Philip J. Lynch, Adrenne Urrutia, Marc H. Robert, Asst. Federal Public Defenders, Lucien B. Campbell, Federal Public Defender, San Antonio, TX, for defendant-appellant.

Joan Stearns, Richard L. Durbin, Asst. U.S. Attys., James H. DeAtley, U.S. Atty., San Antonio, TX, for plaintiff-appellee.

Appeal for the United States District Court for the Western District of Texas.

Before POLITZ, Chief Judge, HIGGINBOTHAM, Circuit Judge and PICKERING* , District Judge.

PICKERING, District Judge:

Appellant Alvarez was convicted in the district court below of being previously a convicted felon in possession of a firearm in violation of 18 U.S.C. §§ 922(g) (1) and 924(e) (1).

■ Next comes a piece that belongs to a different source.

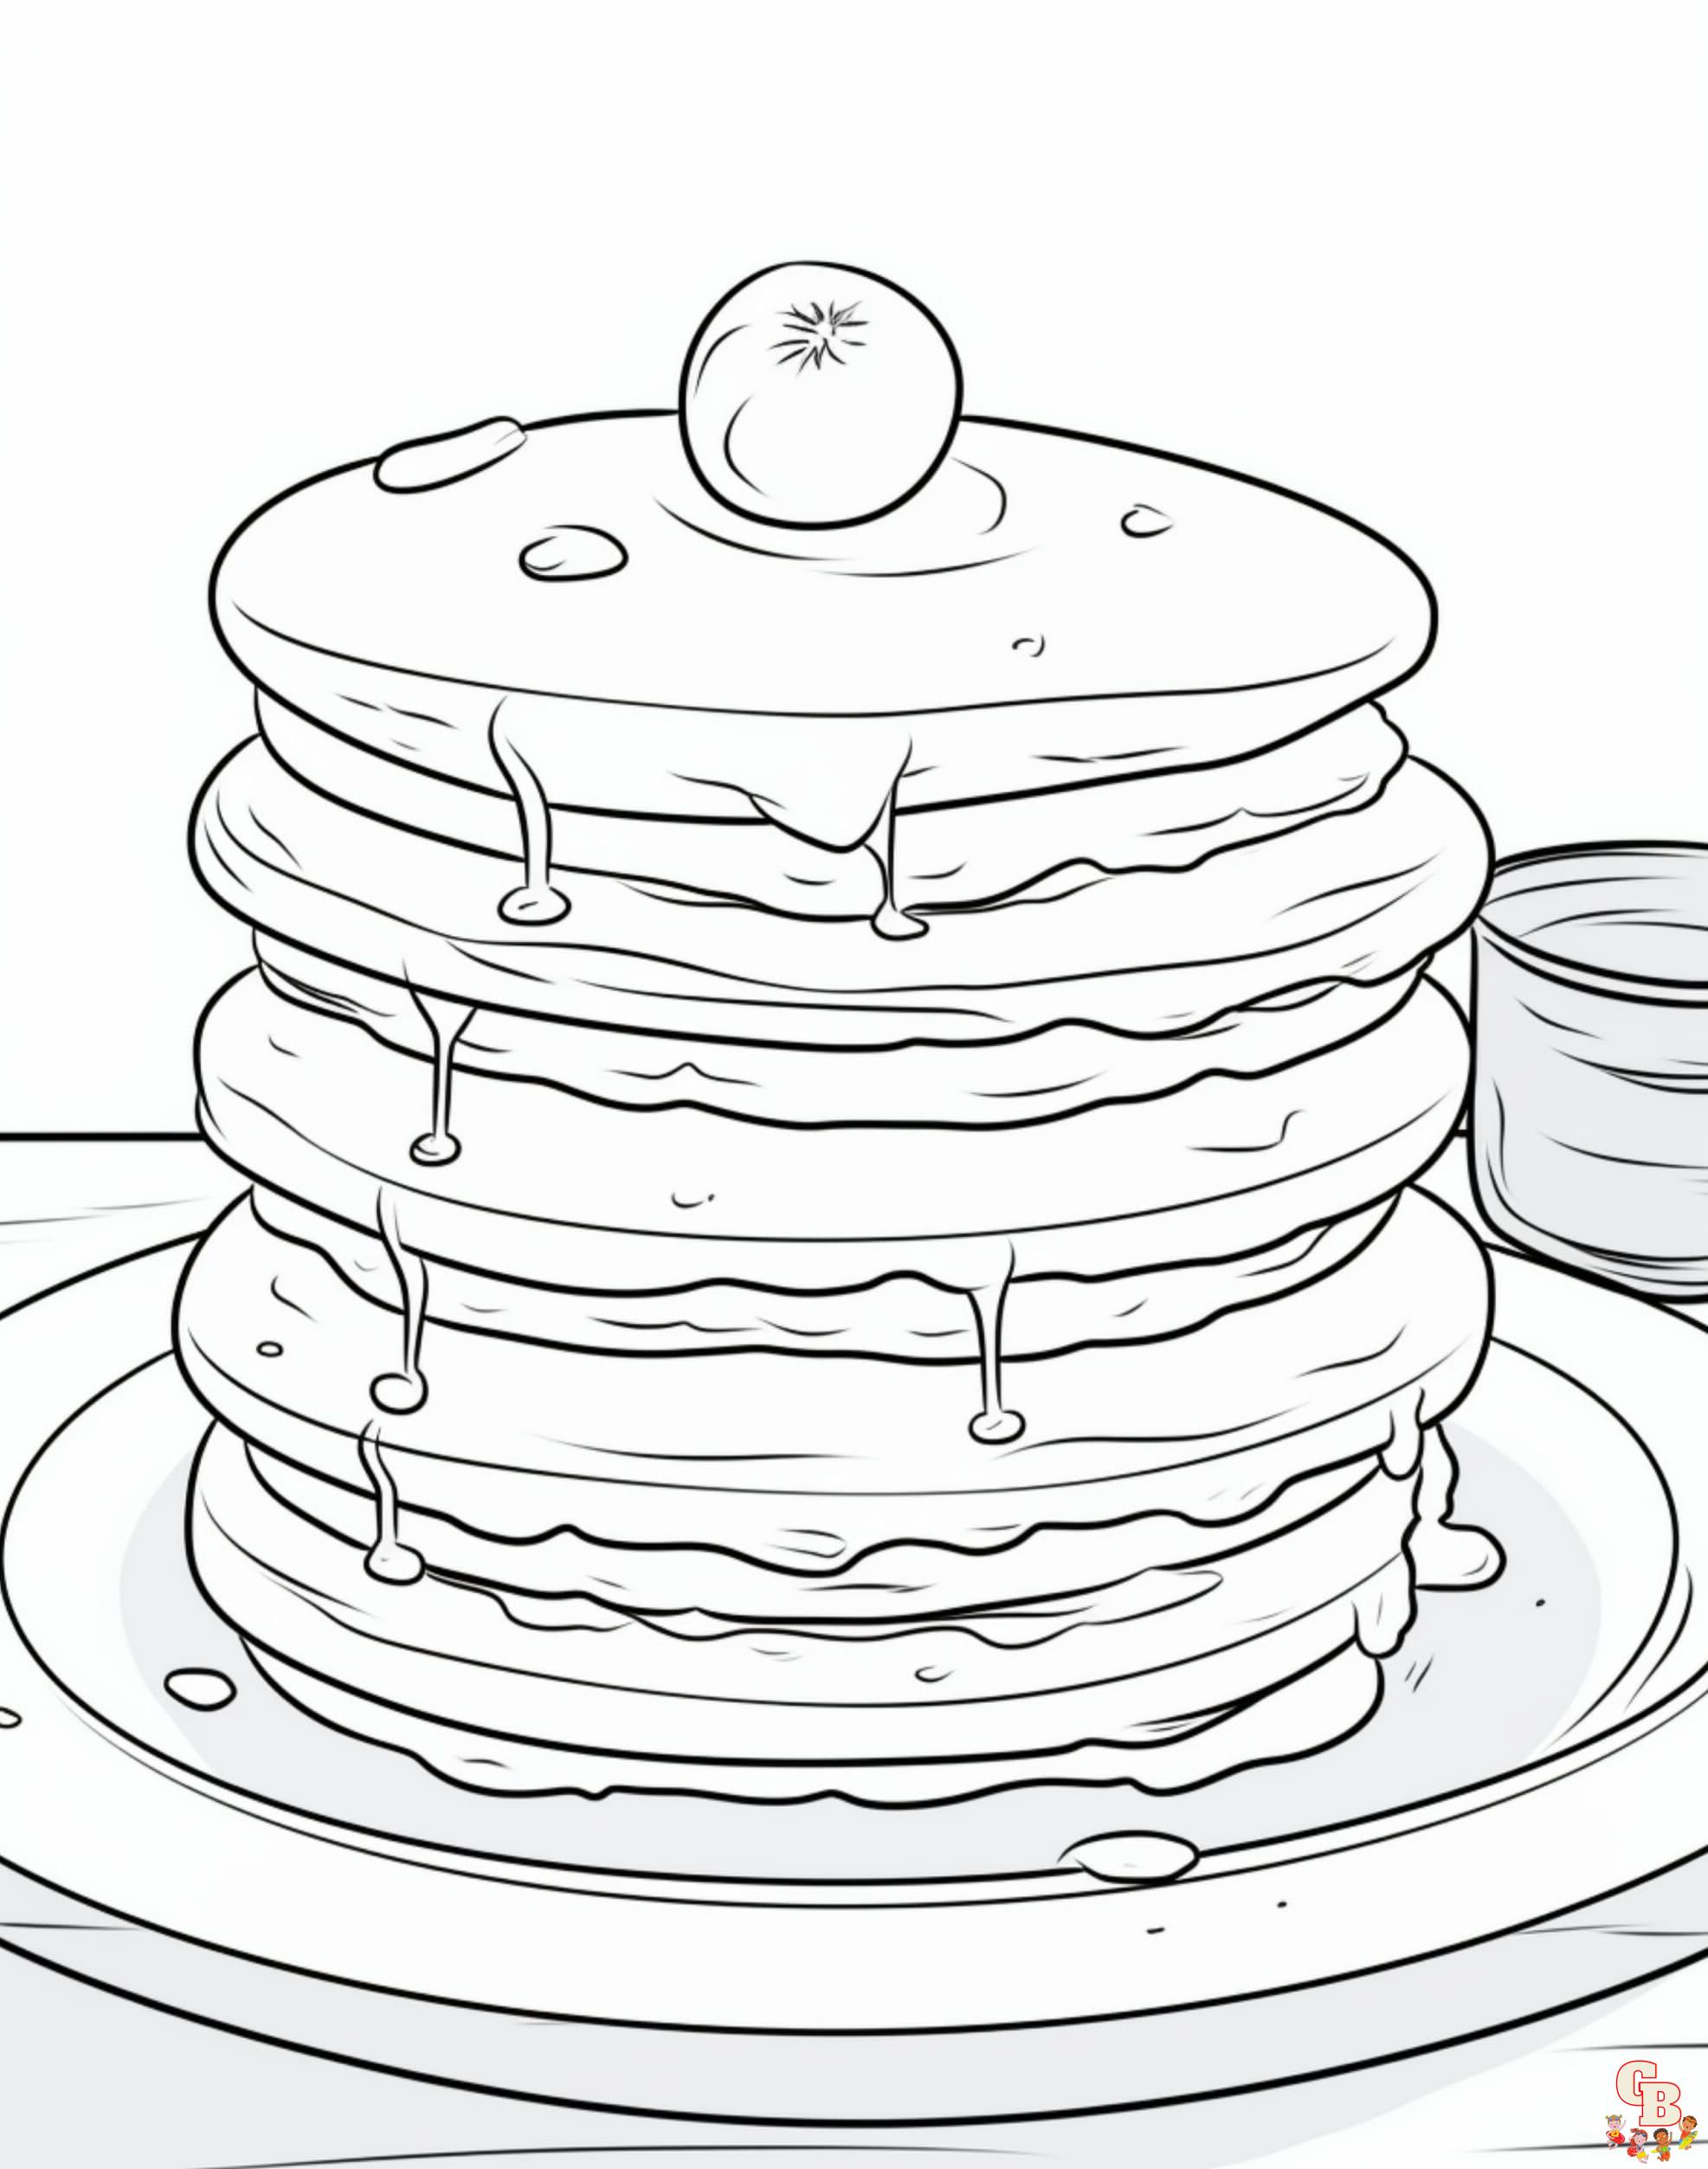 Printable Breakfast Coloring Pages Free For Kids And Adults

The district court imposed a 235 month term of imprisonment, a 5 year term of supervised release, and a $50 special assessment.

Prior to trial, Alvarez filed a motion to suppress a gun seized from a garment bag found in the motel room in which he was arrested. On appeal, Alvarez contends that the district court erred in finding that he lacked standing to contest seizure of the garment bag and denying his motion to suppress.

On May 21, 1991, police officers of the City of El Paso, Texas, obtained a parole violator's warrant for Robert Fred Alvarez. Prior to that date, Alvarez had been spotted driving a beige 1971 Pontiac Station wagon bearing Texas license plate number 668 XGA. That vehicle was found parked in front of Room 116 at the All Star Motel at Lomaland and Gateway West in the City of El Paso at approximately 10:00 A.M. on the morning of May 21 by Officer Talamentes of the El Paso police department. Talamentes checked the registry for room 116 and found it registered to "Catherine James". Alvarez was not registered for any room at the motel. Thereafter, Talamentes, with the assistance of other officers, set up surveillance of room 116.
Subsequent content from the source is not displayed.